Calling Console.ReadLine() in the delegate is bad because if the user doesn't hit 'enter' then that call will never return. The thread executing the delegate will be blocked until the user hits 'enter', with no way to cancel it.
Issuing a sequence of these calls will not behave as you would expect. Consider the following (using the example Console class from above):
System.Console.WriteLine("Enter your first name [John]:");
string firstName = Console.ReadLine(5, "John");
System.Console.WriteLine("Enter your last name [Doe]:");
string lastName = Console.ReadLine(5, "Doe");
The user lets the timeout expire for the first prompt, then enters a value for the second prompt. Both firstName and lastName will contain the default values. When the user hits 'enter', the first ReadLine call will complete, but the code has abandonded that call and essentially discarded the result. The second ReadLine call will continue to block, the timeout will eventually expire and the value returned will again be the default.

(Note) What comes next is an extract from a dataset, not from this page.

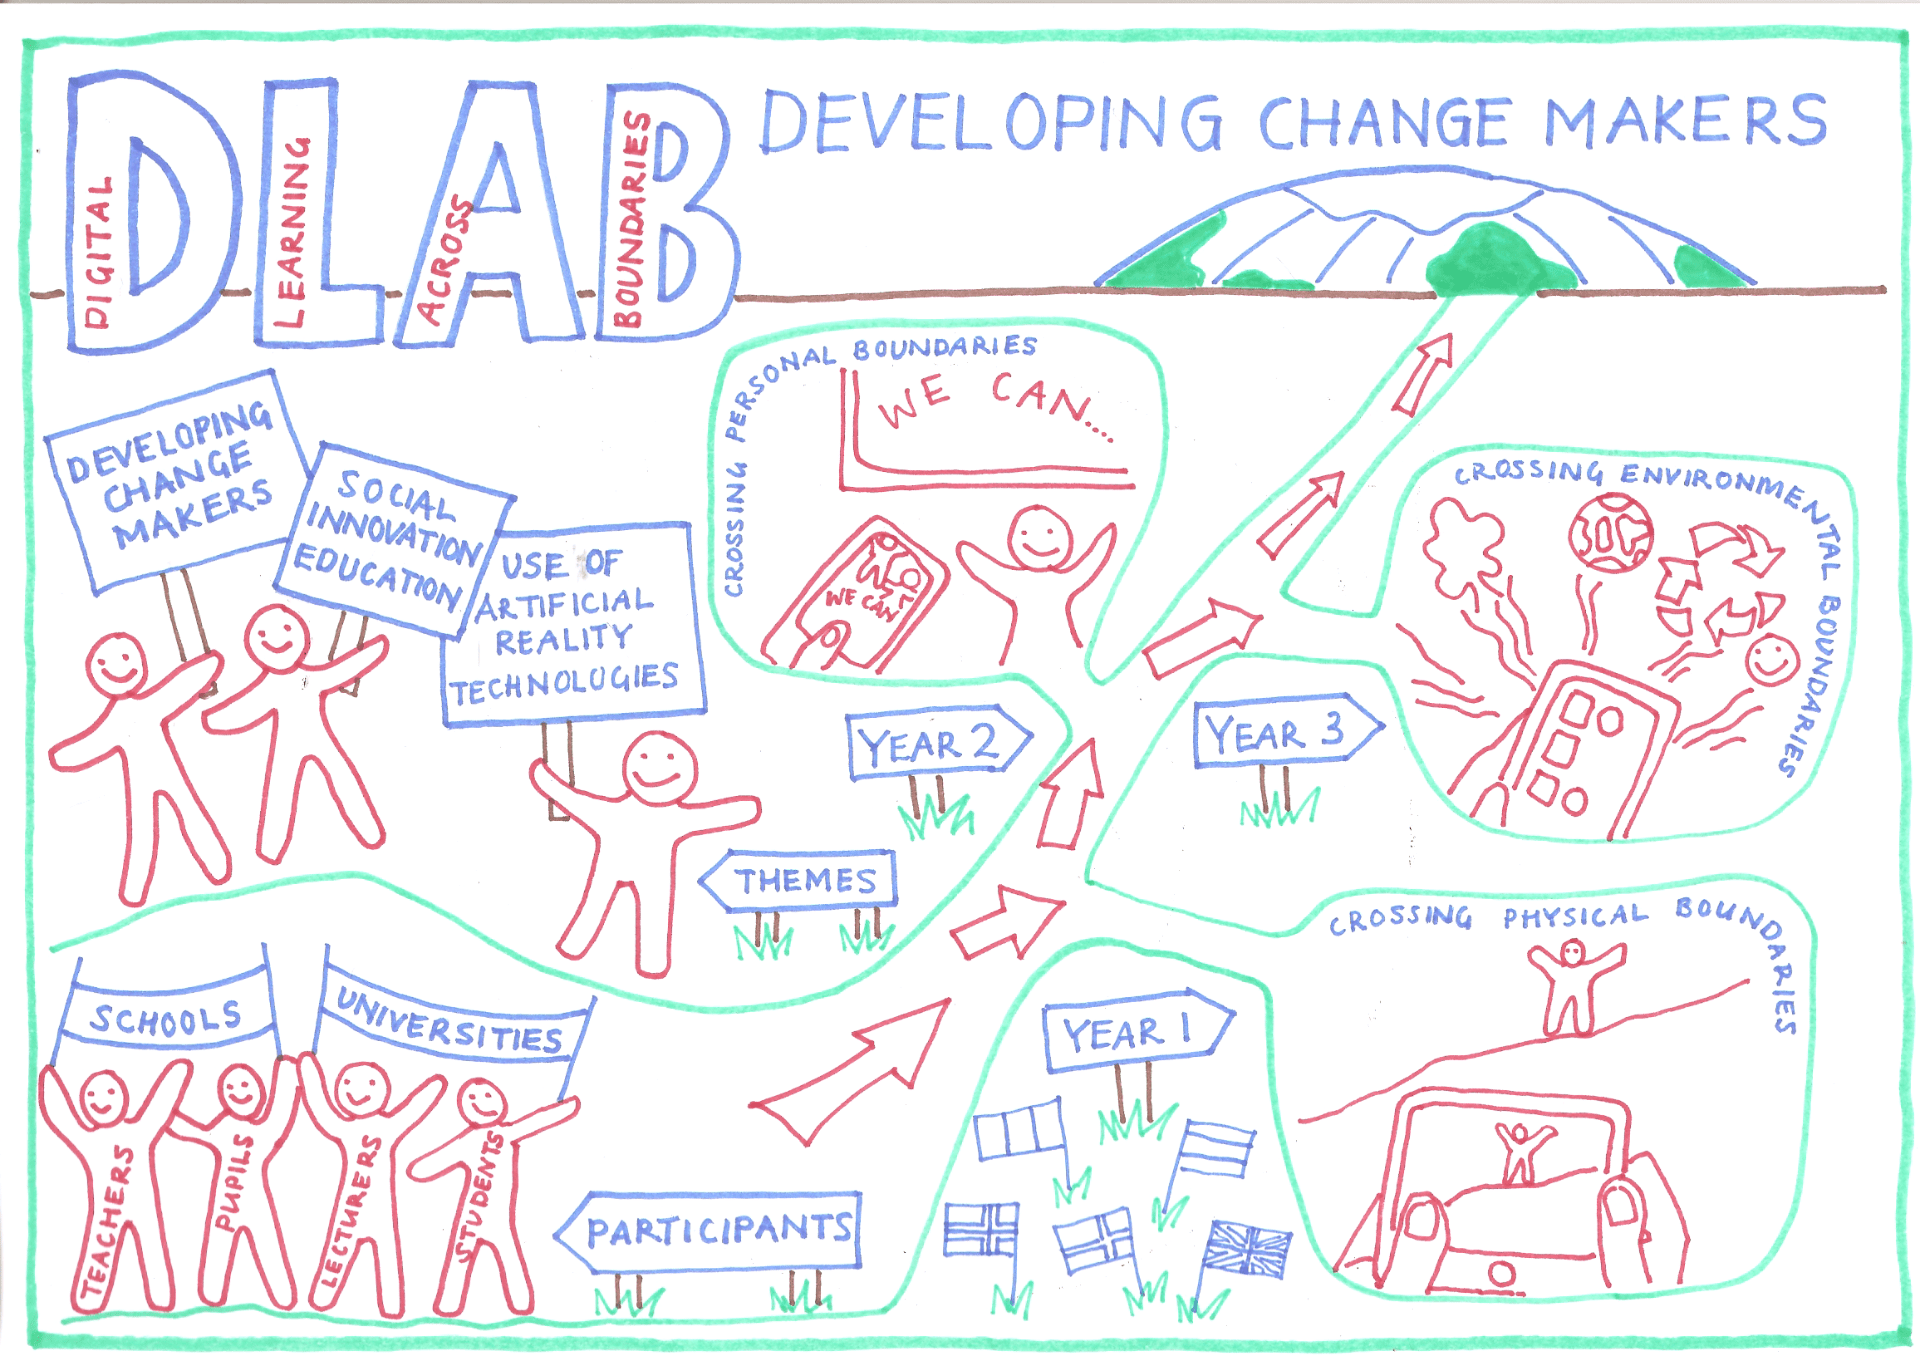 DLAB sketch note outlining the journey
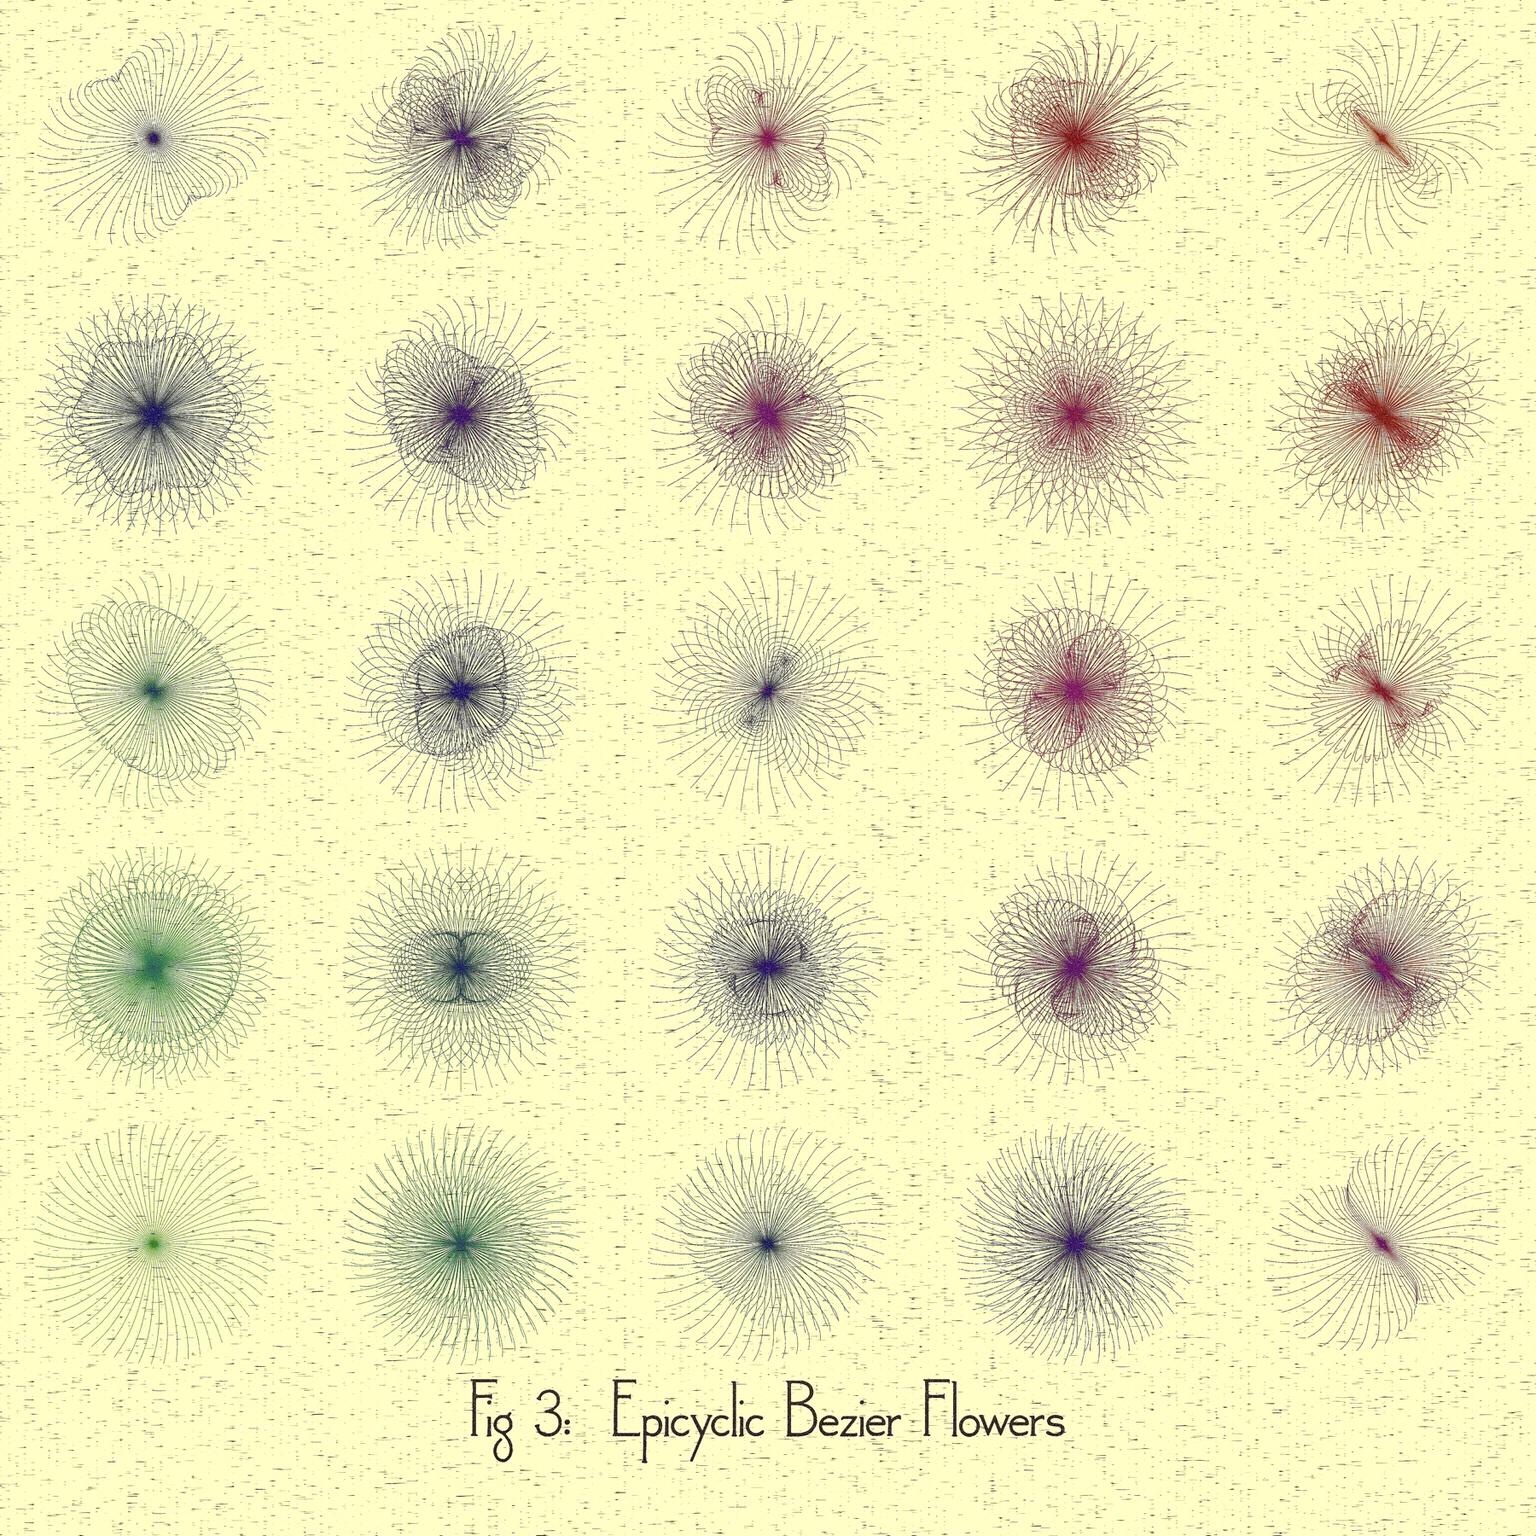 Image for entry 'Epicylic Bezier Flowers (Fig 3)'

BTW- There is a bug in the code above. By calling waitHandle.Close() you close the event out from under the worker thread. If the user hits 'enter' after the timeout expires, the worker thread will attempt to signal the event which throws an ObjectDisposedException. The exception is thrown from the worker thread, and if you haven't setup an unhandled exception handler your process will terminate.
I think you will need to make a secondary thread and poll for a key on the console. I know of no built in way to accomplish this.